2016 Recipient
Leah Goldman
The Robert C. Tucker/Stephen F. Cohen Dissertation Prize, established in 2006 and sponsored by the KAT Charitable Foundation, is awarded annually (if there is a distinguished submission) for an outstanding English-language doctoral dissertation in Soviet or Post-Soviet politics and history in the tradition practiced by Robert C. Tucker and Stephen F. Cohen. The dissertation must be defended at an American or Canadian university and completed during the calendar year prior to the award.
Winner: Leah Goldman, University of Chicago
Title: “Art of Intransigence: Soviet Composers and Art Music Censorship, 1945-1957”
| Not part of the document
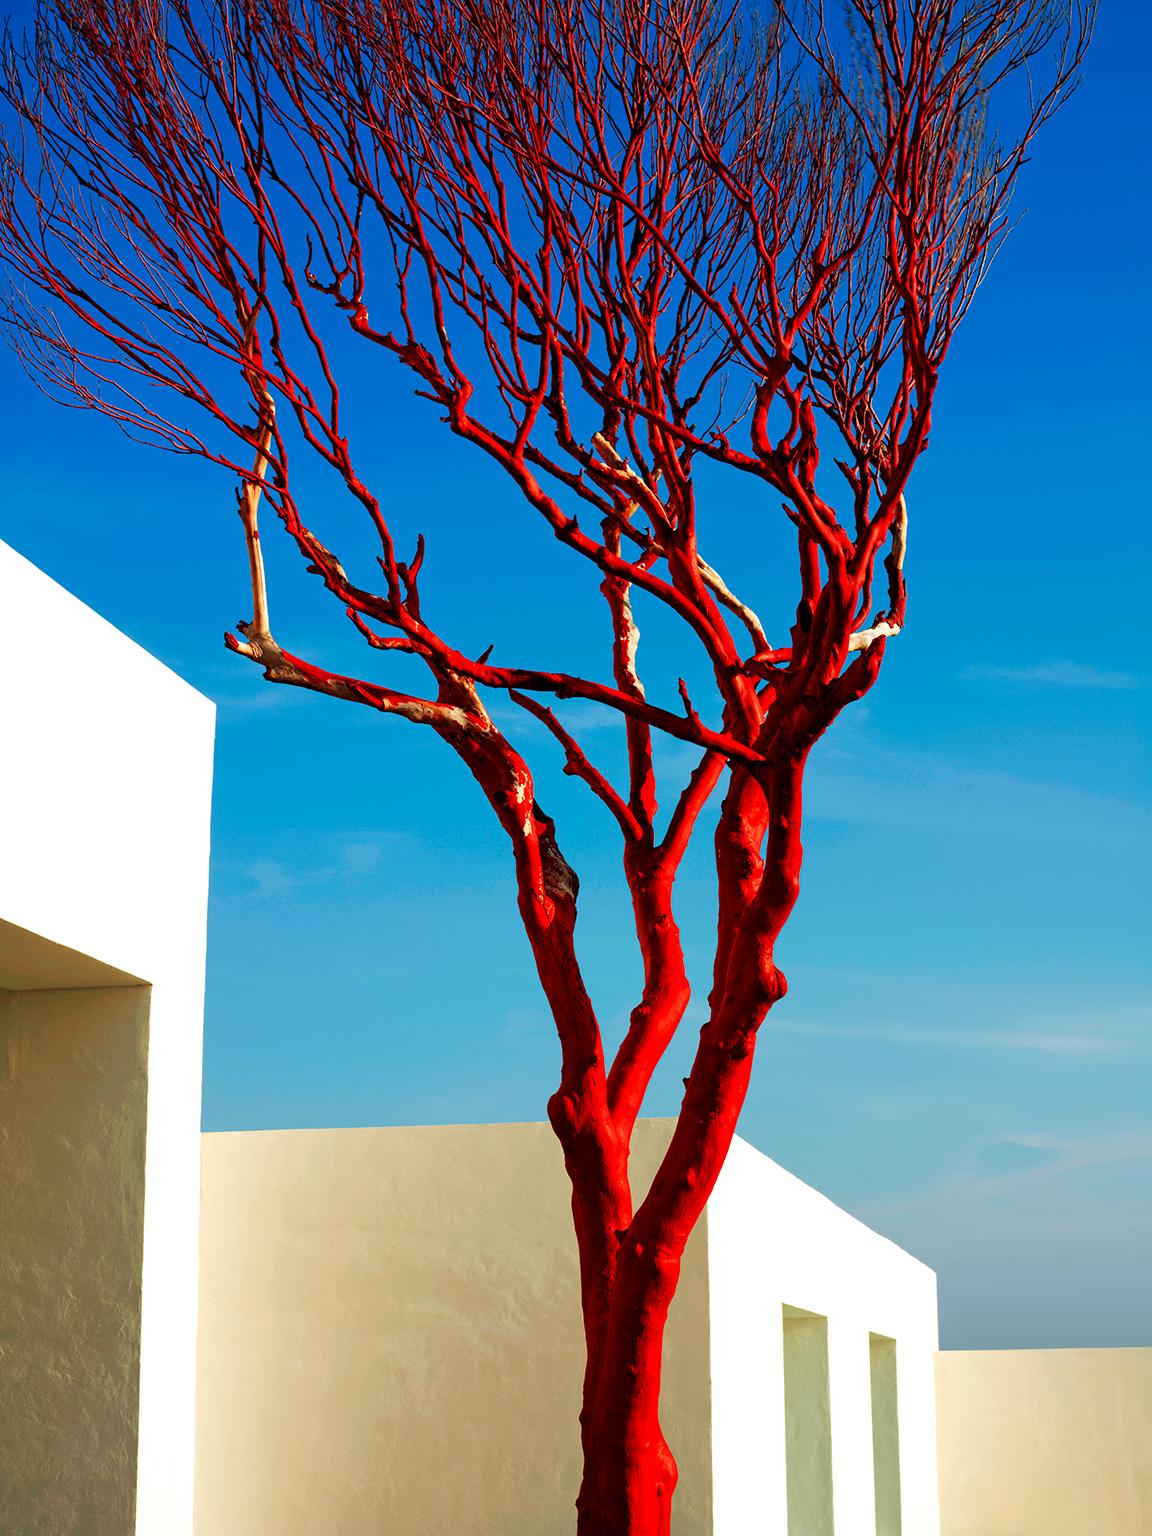  Cosmo Condina Color Photograph - Red Tree, Akumal, Mexico, 2007.

Leah Goldman’s dissertation, “Art of Intransigence: Soviet Composers and Art Music Censorship, 1945-1957,” makes a distinct contribution to our understanding of censorship by showing just how much more it involved than regulators approving or forbidding compositions. Focusing on composers of art music, in particular opera, during the late Stalin (Zhdanov) and early Khrushchev period, Goldman depicts elaborate forms of self-censorship and pre-censorship group monitoring in the Composer’s Union. She describes forms of collaboration between composers and censor (who as a group overlapped in education and activities with the composers themselves) so elaborate that censors can be considered co-authors of the finished works. The work is a model of deep, meticulous, and wide-ranging research into multiple Soviet archival and published primary sources, displaying effective strategies of analysis that can be brought to bear to understand Soviet cultural politics. Along the way, the work develops deeply researched case studies to illustrate the complex interactions among power, ideology, culture, and material or economic incentives.
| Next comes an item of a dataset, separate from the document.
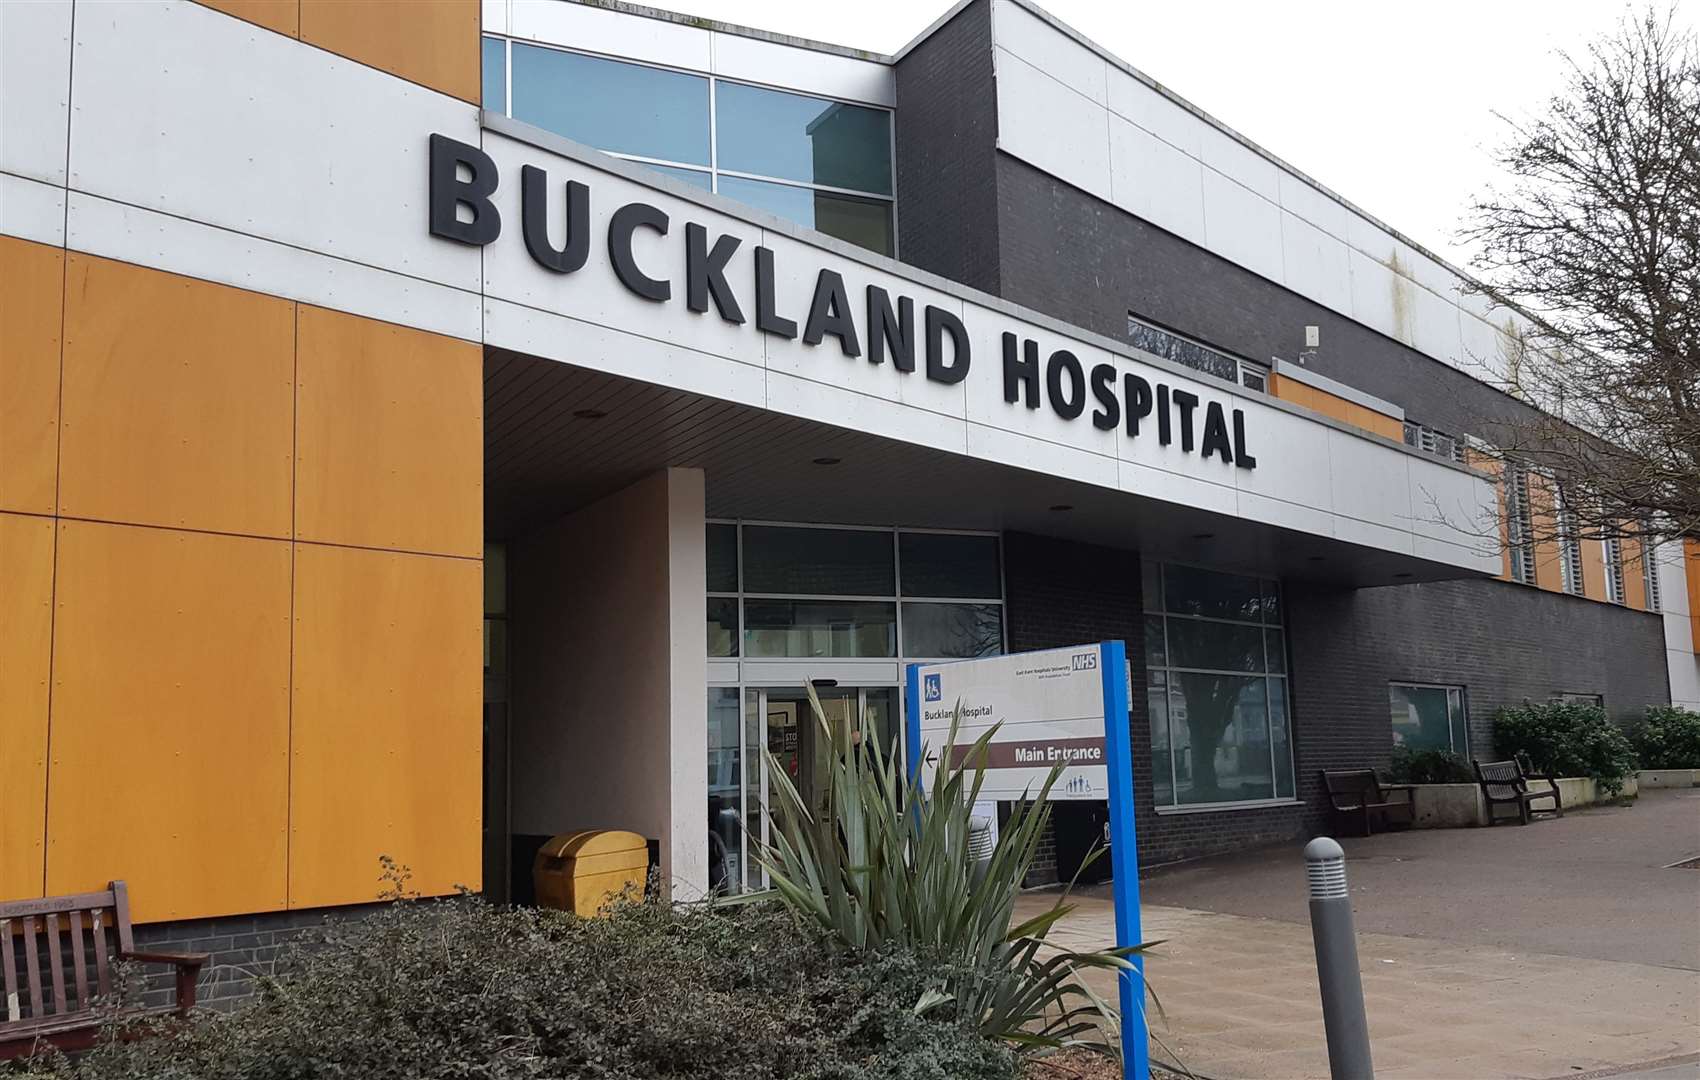 The present Buckland Hospital

In so doing, the dissertation demonstrates how ostensibly collegial and professional forms of artistic collaboration (some adapted from pre-revolutionary traditions) often turned coercive and, as the intelligentsia protected itself from political crackdown, suppressed innovation and enforced a conservative aesthetic. What is amply described as a deeply dysfunctional, unpredictable system within the censorship bureaucracies turned artists and professionals into highly skilled players of the games of maneuvering and self-defense—but also made them into supplicants and preemptive censors of their own output. Instead of depicting individual artists facing an all-powerful state, therefore, the work reinforces the notion that the intelligentsia and its practices in culture and politics formed an enduring cornerstone of the Soviet system. These findings are applicable to other cultural and scientific fields as well as to our understanding of cultural politics in the Soviet context more generally. Finally, Goldman argues, the material here suggests how we must expand our understanding of censorship itself to encompass such phenomena as peer review, professional self-monitoring, and group shaming. The case of Stalinism was distinctive in that it tightly paired this “constitutive” censorship with more frequently recognized forms of “regulative” censorship, blurring the boundaries among the individual author, the professional group, and the state.